Shipping takes FOREVER from China!


----------



## PatrickJameson (May 3, 2009)

Why is there not a "Denfinatly not" choice.


----------



## byu (May 3, 2009)

You're probably supposed to choose "No way, it's going to break my cube"


----------



## shelley (May 3, 2009)

Why not just get a DIY cube? If you have access to a DIY core you might as well get the whole cube.

If you can insert your corners while your edges are already in place, your cube is too loose. That thing looks like it will pop if you look at it funny.


----------



## byu (May 3, 2009)

I can insert corners while edges are placed into my DIY if it's turned 45º. It takes some pressure, but my cube isn't really that loose.


----------



## Nukoca (May 3, 2009)

shelley said:


> Why not just get a DIY cube? If you have access to a DIY core you might as well get the whole cube.

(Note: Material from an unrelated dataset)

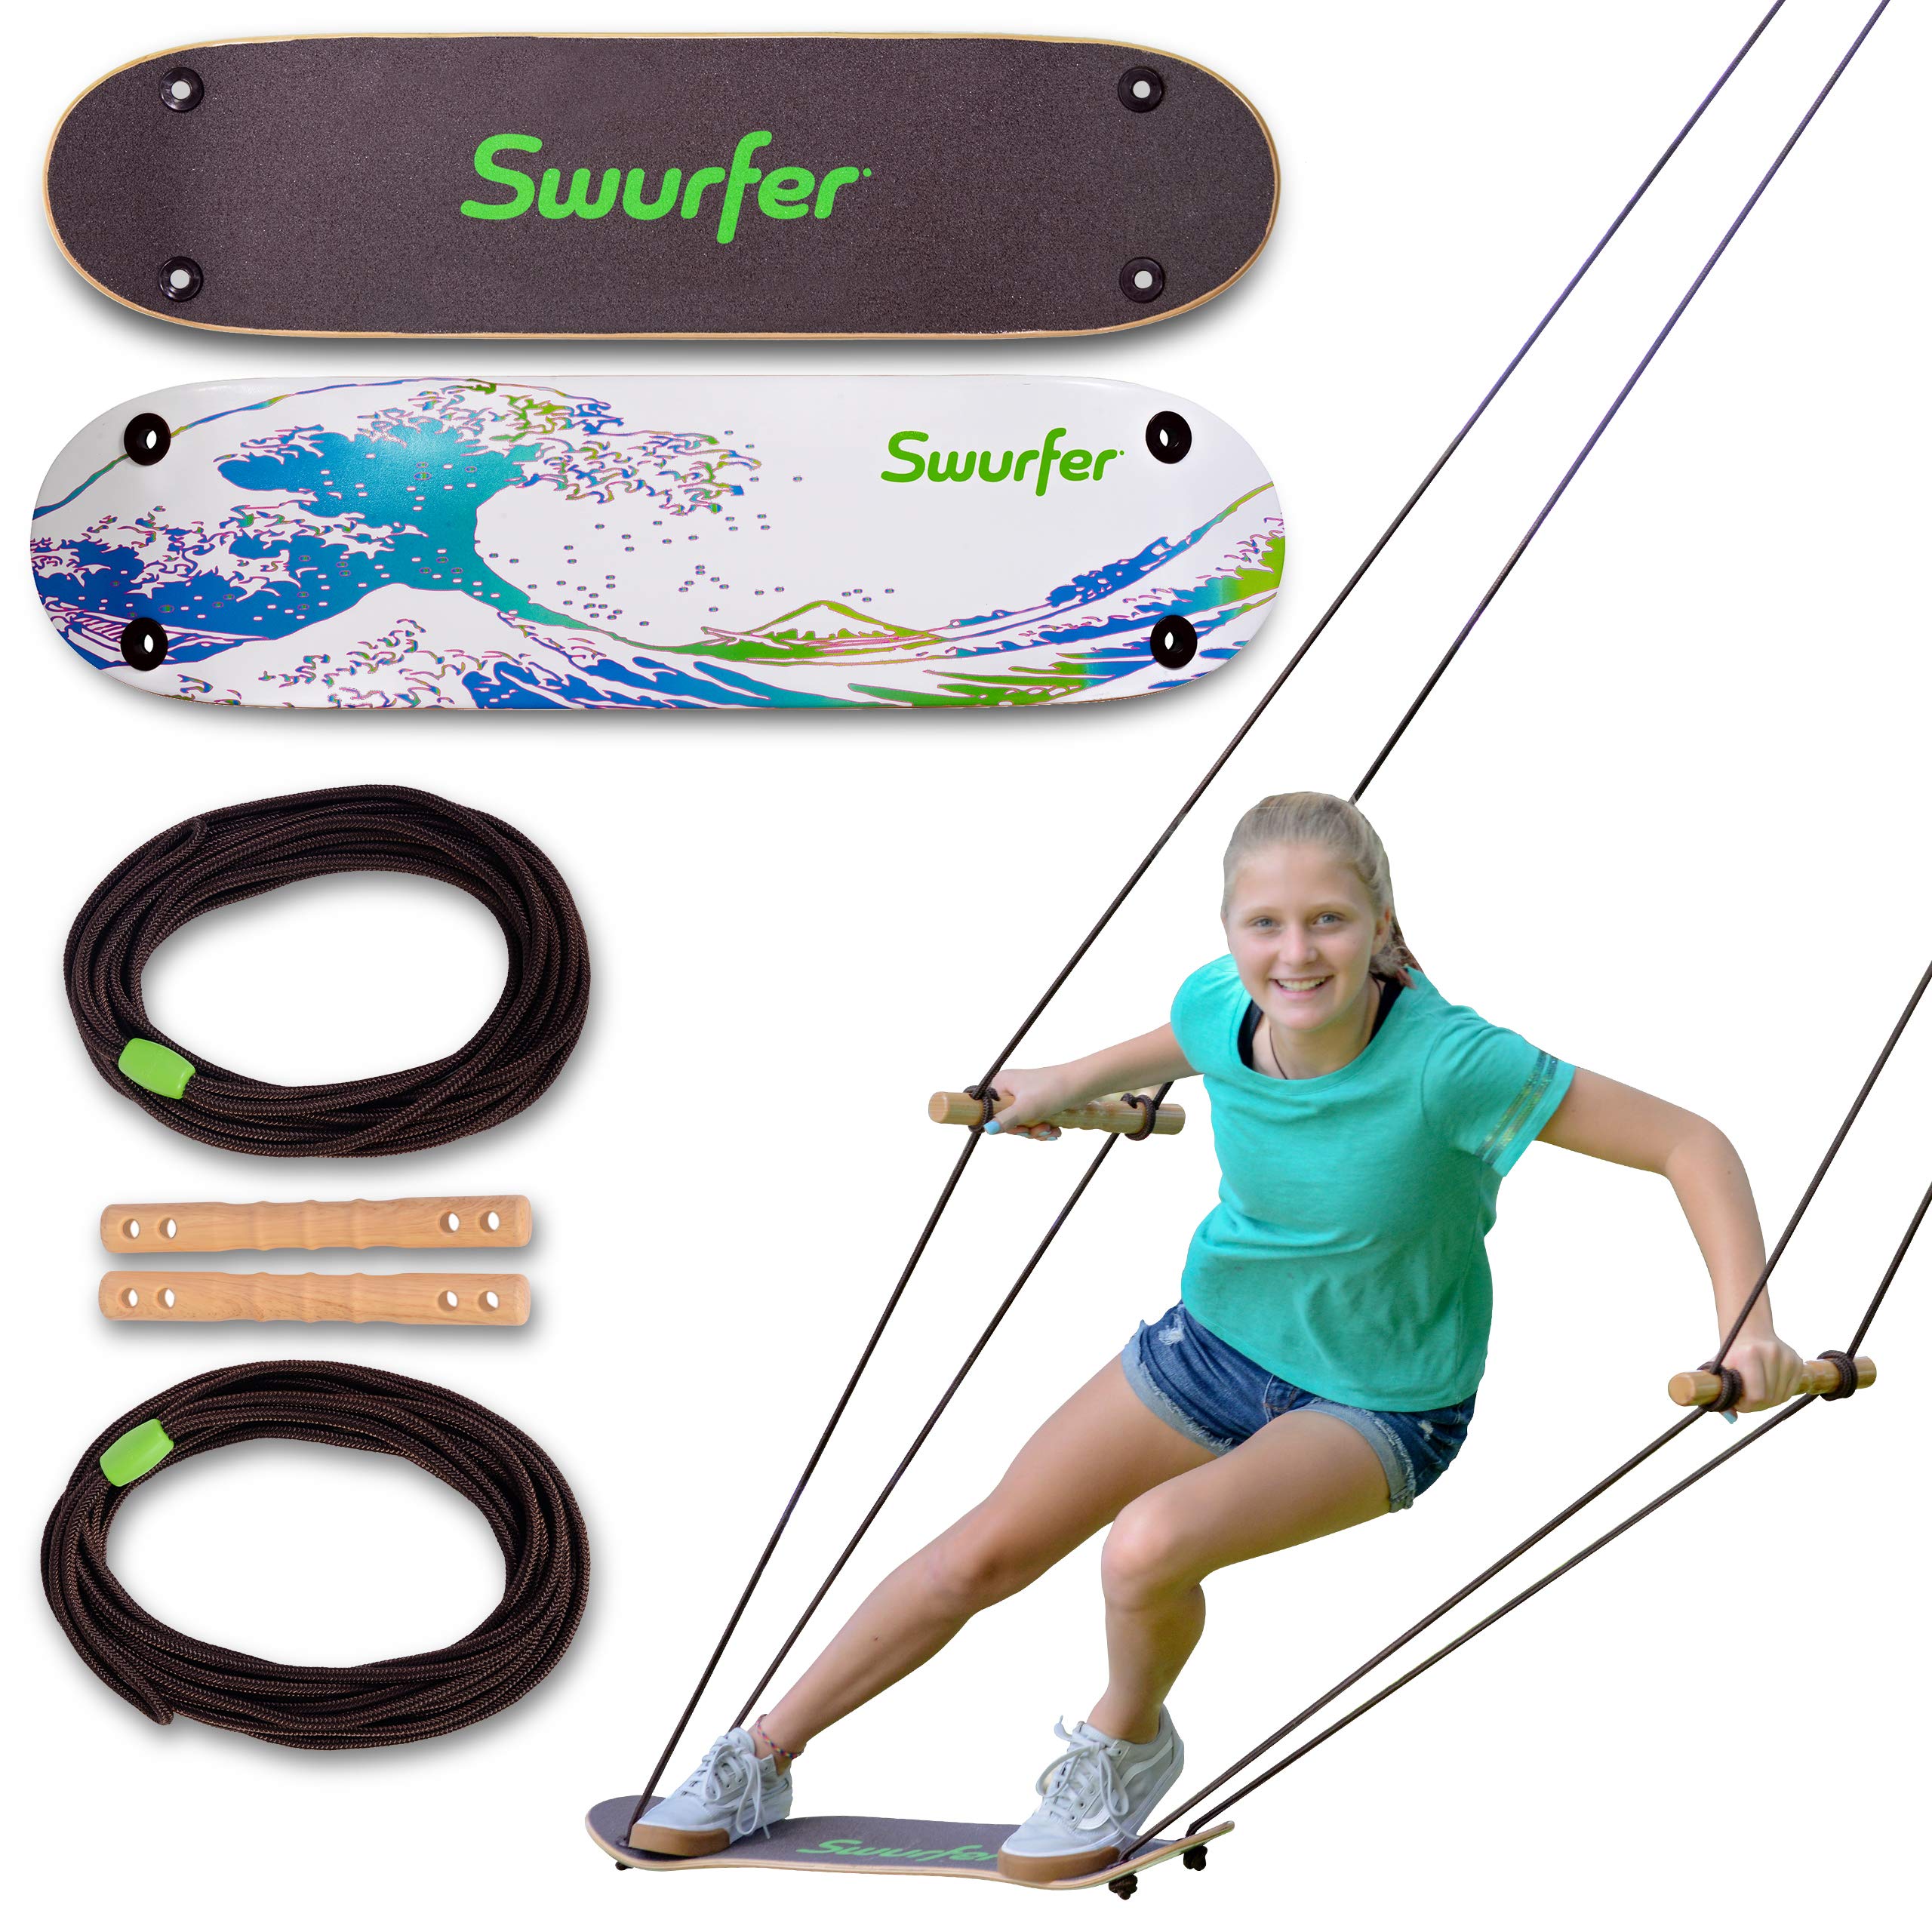 Swurfer TreeSkate Skateboard Swing, Outdoor Stand Up Surf Swing, Holds Up to 200 lbs, Ages 6 and Up, Adjustable Handles, Grip Tape, Kids Outdoor Play Equipment for Children and Adults (Waves)

But then you have a really useless storebought that won't turn well unless you wear it in uber good. If you have a storebought and you're buying something from C4Y, then you might as well get the core along with it, since it's only $.99.



shelley said:


> If you can insert your corners while your edges are already in place, your cube is too loose. That thing looks like it will pop if you look at it funny.



I noticed that too. I couldn't do a solve without it popping all over. That's why I did the mod... so I could adjust the tension. It's tighter now.


----------



## irontwig (May 7, 2009)

Doesn't seem to be worth the trouble.


----------



## Nukoca (May 7, 2009)

irontwig said:


> Doesn't seem to be worth the trouble.



It is, man, it is.


----------



## d4m4s74 (May 7, 2009)

I might do it so I don't have to waste a DIY for my calendar cube and still make it easy to turn, but shipping is more then a spare core so I'll wait for a big order


----------